Home

Beans a handy tool for couple

Haidee VandenbergheCountryman

Variety is the spice of life for Munglinup farmers Chris and Kylie Tomlinson, who are adding faba beans into their rotation next year.

The young farmers have 25 hectares of Farah faba beans seeded in order to bulk up seed for next year.

Despite the legume occasionally being referred to as ‘failure beans’, Chris believes the couple can make them work.

“We need to get a legume back into our phase — we’ve got too much clay and loamy country,” he said.

“It’s just not suited to lupins. Even though I’d like to grow lupins, they fail. Beans are supposed to be good for waterlogging, so it’s a bit of a trial.”

The couple has a canola-cereal rotation, but Chris said faba beans were a handy tool that he hoped would pay their own way.

“The beans should give us a couple of years of organic nitrogen,” he said.

“You talk to some of the guys who are growing them around here and they’ve made some of their best income out of the beans, but it’s really country suited.

“Our agronomist said they did really well in the loamier clay soils, but they’ll be half the size on the gravel soils and that’s probably where a lot of people could fail.

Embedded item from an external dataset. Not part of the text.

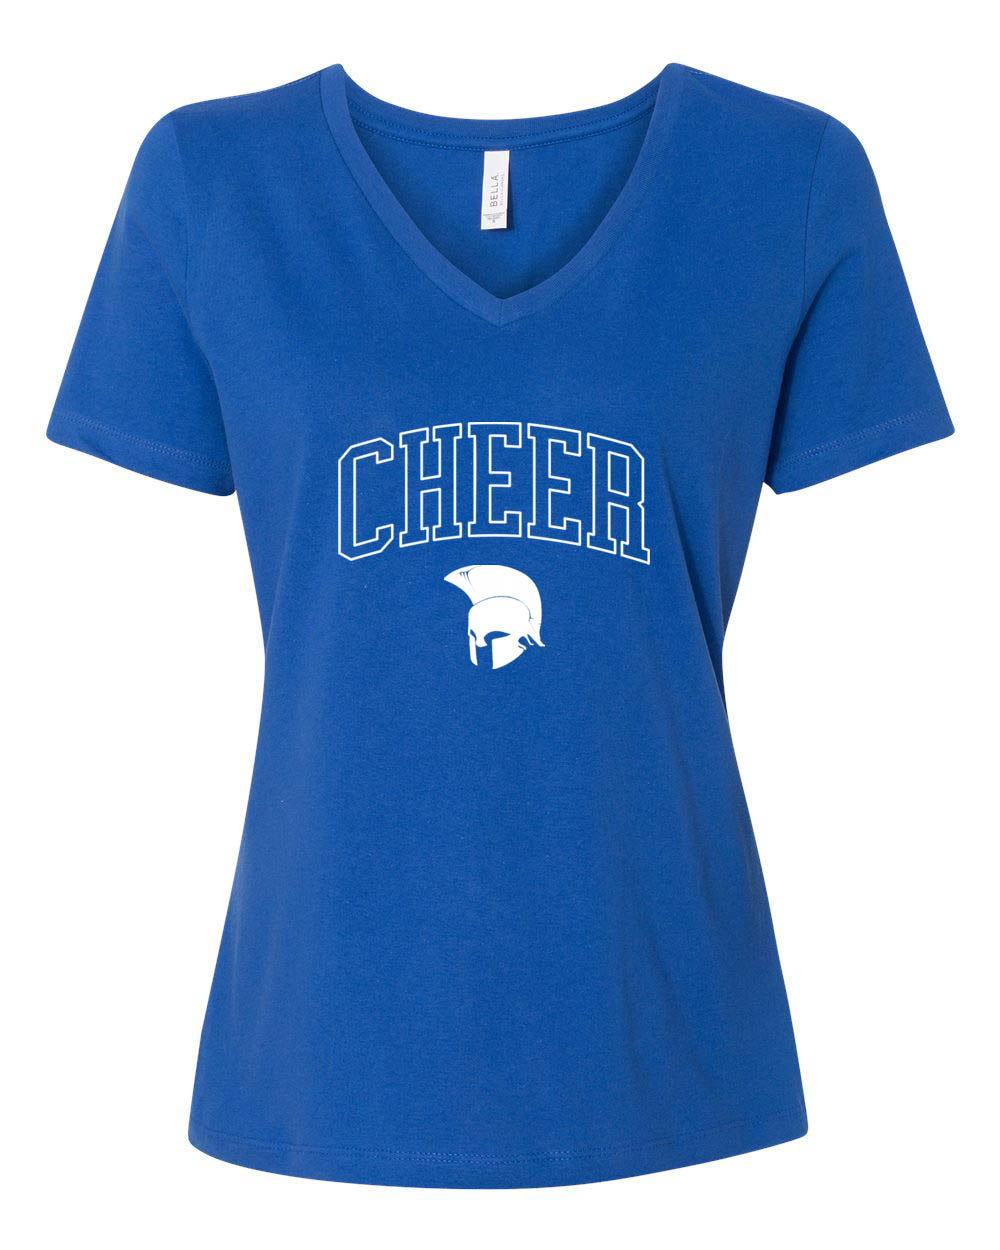 Goshen Cheer Design 2 V-neck T-Shirt

“It’s one of those things where I’ve got to put a price on what they’re doing to our ground as well.”

With more than 85mm in the rain gauge for May, the beans have germinated but there are things Chris would have done differently.

“We’ve learnt a few things — we’ve got a disc seeder and you’ve got to really penetrate them into the ground,” he said.

“But we only had just half moisture and the clay soils were too hard to penetrate.

“The discs were just bouncing across the top and the beans were on the top of the soil, so we’ve got a funny germination, but the bulk of the paddock is pretty good.”

Much like last autumn and winter, excess moisture is a challenge but it can be partially tackled by variety choice.

“Last year was a learning curve as to how you handled it,” Chris said.

“We reseeded 15 to 20 per cent and we could have done more but we had had enough. But even with how wet we got, we had some good yields last year and I think a lot of that comes down to which varieties we were growing.

“We had high-yielding varieties like Mace wheat and Hindmarsh barley. The beauty of those two grains is they’re mid-short season as well, so we didn’t have to rush to get them in.

“Last year, we didn’t seed cereals until July because we couldn’t and we were just short of three tonnes on the wheat.

“The Hindmarsh barley was only an 8ha block to bulk up for seed and that averaged five tonnes.

“There was an area in there that was waterlogged and that went about two tonnes, but then we went up to seven tonnes in places.”

The Hindmarsh has replaced Dash, with Chris aiming for yield rather than malting grain.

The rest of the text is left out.